Harley Quinn vol. 1:  Hot in the City:  Hmmmm… Do I want to see fuss is about or keep going through life with “The Animated Series’” take on the character being the definitive one in my mind.  Or maybe I just want to get through this and go back to playing “Assassin’s Creed:  The Pre-Sequel.”  Uh, I mean “Rogue.”

Dial H:  Deluxe Edition HC:  No, this series didn’t set the sales charts on fire and also features one of those, “We gotta wrap this up NOW!” kind of endings.  But it’s also written by an author, China Mieville, with a substantial following so it gets the one-volume hardcover treatment in order to appeal to that base.  Flaws aside, I still thought it was an interesting read.

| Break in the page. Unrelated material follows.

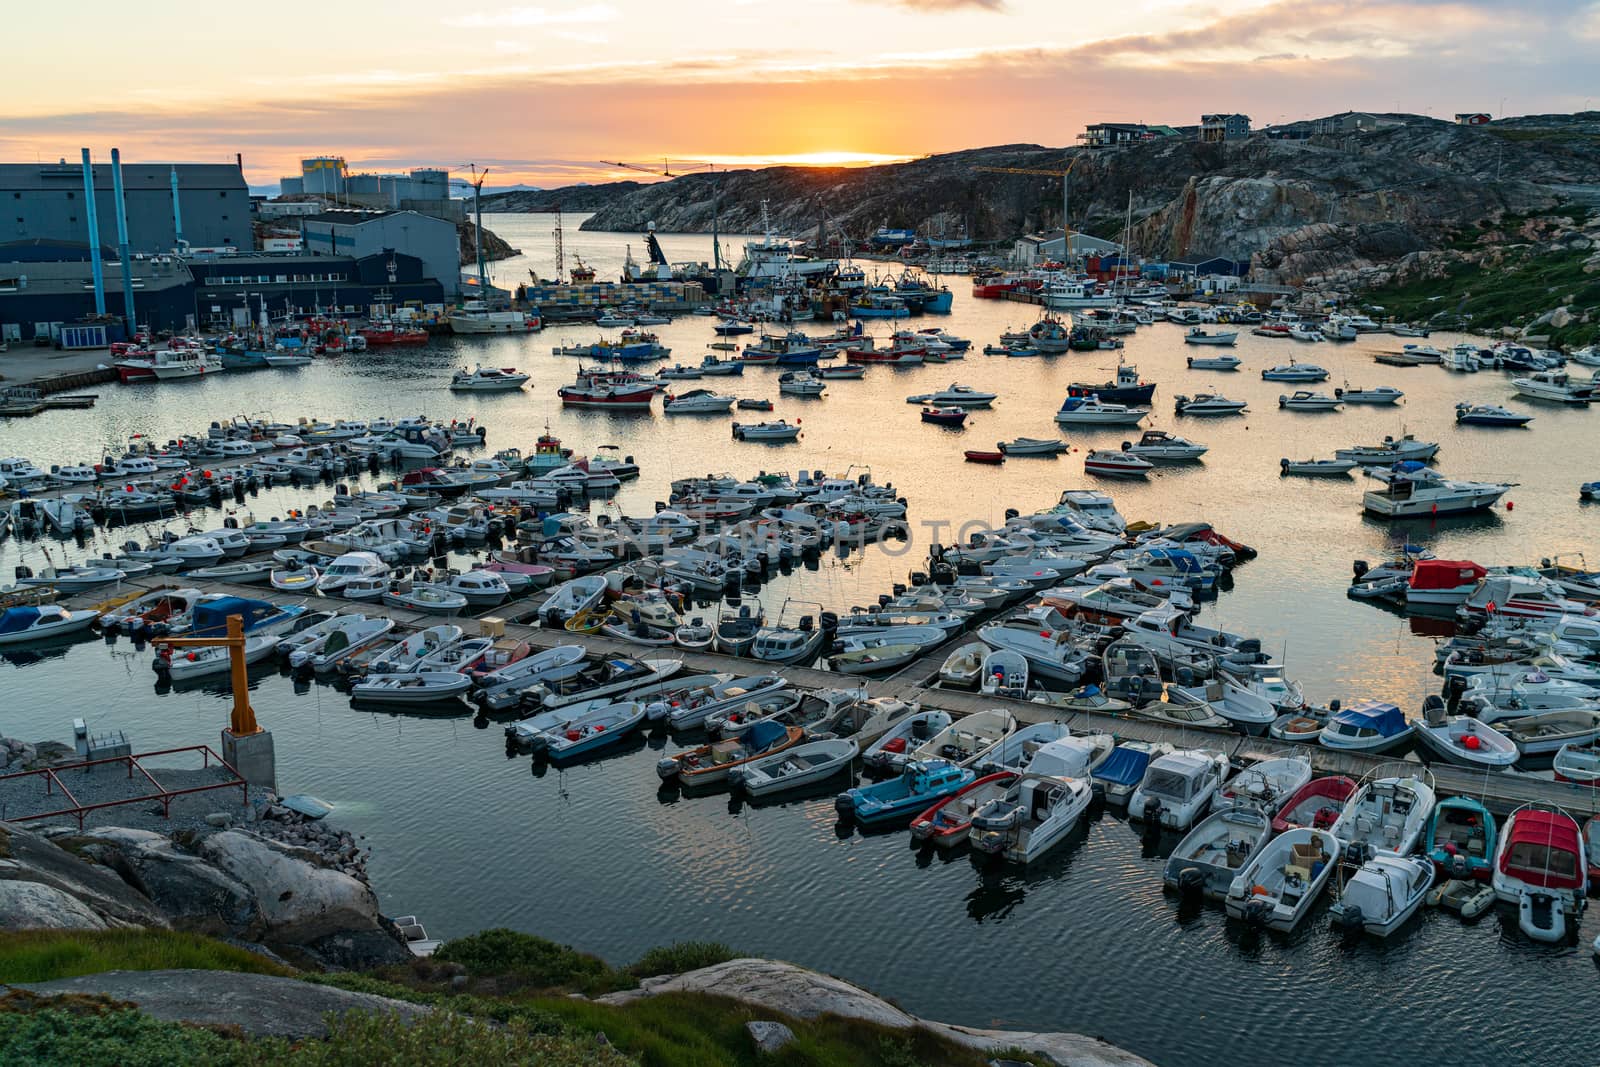 Greenland Ilulissat cruise ship harbor and boat harbour in famous Greenland tourist destination. Sunset city and water view of city in Disko Bay.

American Vampire:  Second Cycle #7:  It’s noted that this issue has been resolicited and that all previous orders are cancelled.  Hey, remember when Scott Snyder and Rafael Albuquerque put this series on a year-long hiatus so that they could work on other projects and bring this title out on a regular basis together?  Yeah, those were the days…

Fables vol. 21:  Happily Ever After:  Certainly a fitting title.  However, this volume seems to be missing something as it only collects issues #141 to #149.  The series was set to end with #150 which, come to think of it, hasn’t been solicited yet.  Could it be that Bill Willingham is preparing to make the final issue its own graphic novel?  It sounds ridiculous, but how else could you explain leaving the final issue out of this collection.  Then again, he could just be doing it to make all of us trade-waiters actually pick up an issue of the series.  Which I would do for this series in a second.

Astro City:  Family Album:  Hey, it’s the next volume in the series for me.  I finally picked up the first two at conventions earlier this year, and the series’ reputation is pretty well-deserved.  Expect a podcast about it once I get caught up on it.